Each one of those achievements would require an act of Congress and be a monumental feat in their own right. Just think about every single attempt at immigration reform in our recent history if you want an idea of how this is likely to go.
Feasibility and philosophy aside however, this plan does not pass the good faith test. As Matt Bruenig over at the People’s Policy Project lays out in Republican talking point regurgitator *checks notes* Jacobin Magazine:
Elizabeth Warren bills herself as the candidate with policy chops. But her Medicare for All financing plan is an unworkable mess.
Bruenig in particular takes Warren to task for imposing a Medicare Head Tax over a Medicare Payroll tax, despite clear evidence that it is far less efficient and easily avoidable. Surely policy wonk Warren and her team of analysts know this? Yes they do, but they can’t go with a payroll tax because doing so would require admitting in plain language that middle class taxes will go up.
Elizabeth Warren’s team realizes this. The reason they are using the head tax is because they think they can trick journalists into declaring that this is not a tax, since it is expressed in dollar terms rather than percent terms. On first glance, this might seem like a stretch that probably won’t work. But it is a more plausible strategy once you consider that journalists are mostly very stupid and cannot evaluate policy claims on their own, relying instead on trusted sources and names (Warren being one of those names).
The Medicare head tax element in particular shows that this is not a serious policy proposal, but instead an electoral conceit designed to placate progressive concerns that she is not and never was particularly serious about Medicare for All in the first place.

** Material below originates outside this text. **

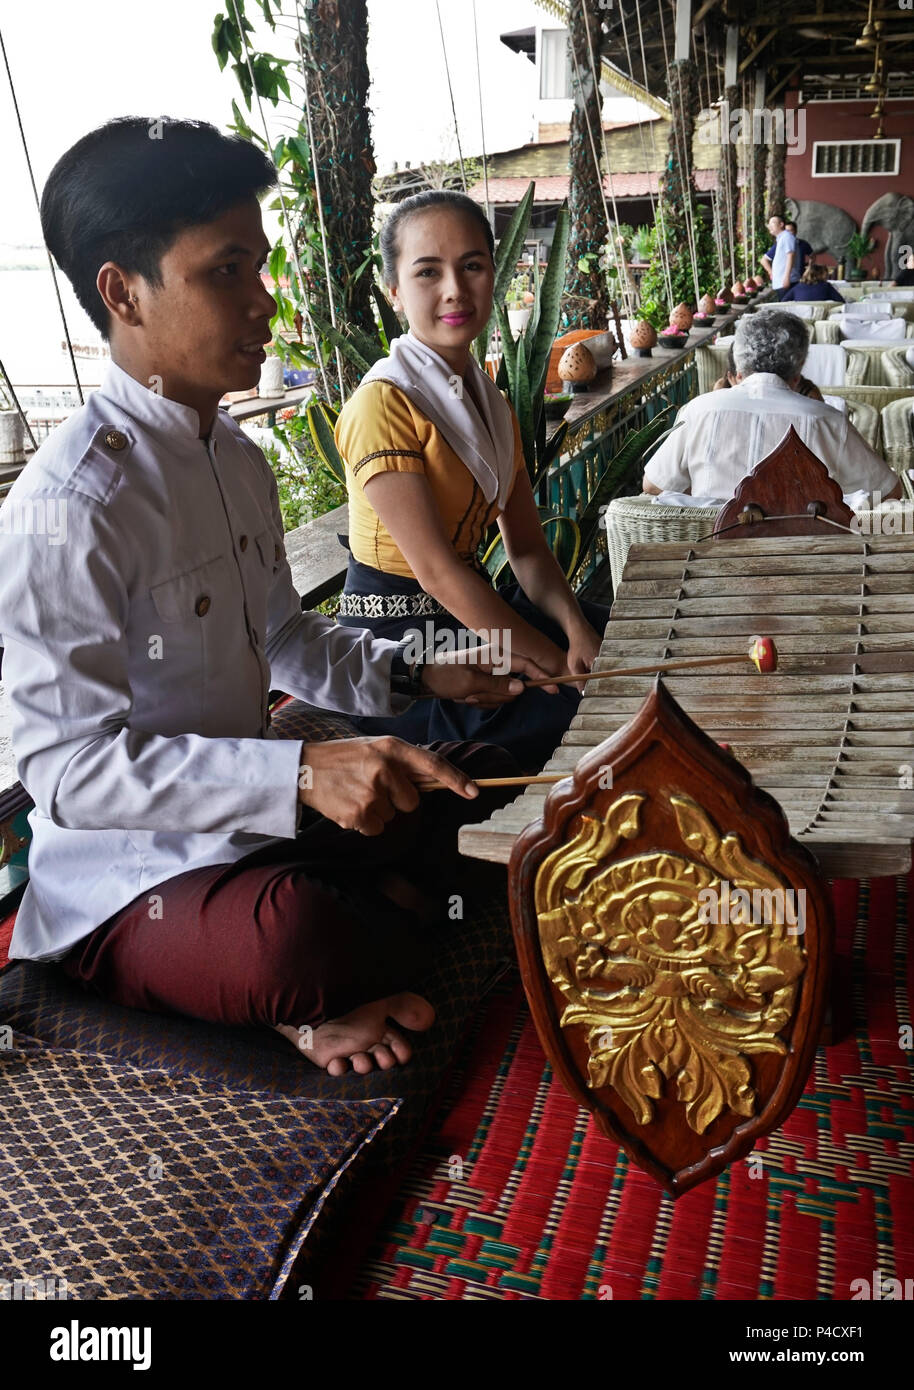 Titanic restaurant musicians, Phnom Penh, Cambodia Stock Photo

Warren’s plan is the perfect reflection of her entire candidacy. She pays lip service to Medicare for All to burnish her progressive bonafides but refuses to acknowledge the hard part that middle class taxes would have to go up in order to pay for it. She constantly is trying to maneuver around potential attacks during the general election and assure skeptical voters she’ll actually pursue these policies if she is elected to the Oval Office.
She is right to be worried. As journalist Zaid Jilani pointed out on twitter, democratic voters overwhelmingly trust Bernie Sanders over Elizabeth Warren on matters of healthcare:
Warren wasn’t even for a single payer plan back in 2012. The structure of this plan and the delay in its release show that its mostly a box she wants to check without falling victim to the left or the right, not that it is something she is particularly passionate about.
Healthcare remains the top concern of Democratic voters. The problem of course is that it’s not the top concern of Elizabeth Warren! Economic and financial regulatory issues have animated her politics since the early 1990’s. She seems to really believe that restructuring the economy and reigning in corporate behavior is the key to shifting the balance of American life in favor of workers, and there’s nothing wrong with that. Except of course that Democratic voters don’t appear to agree.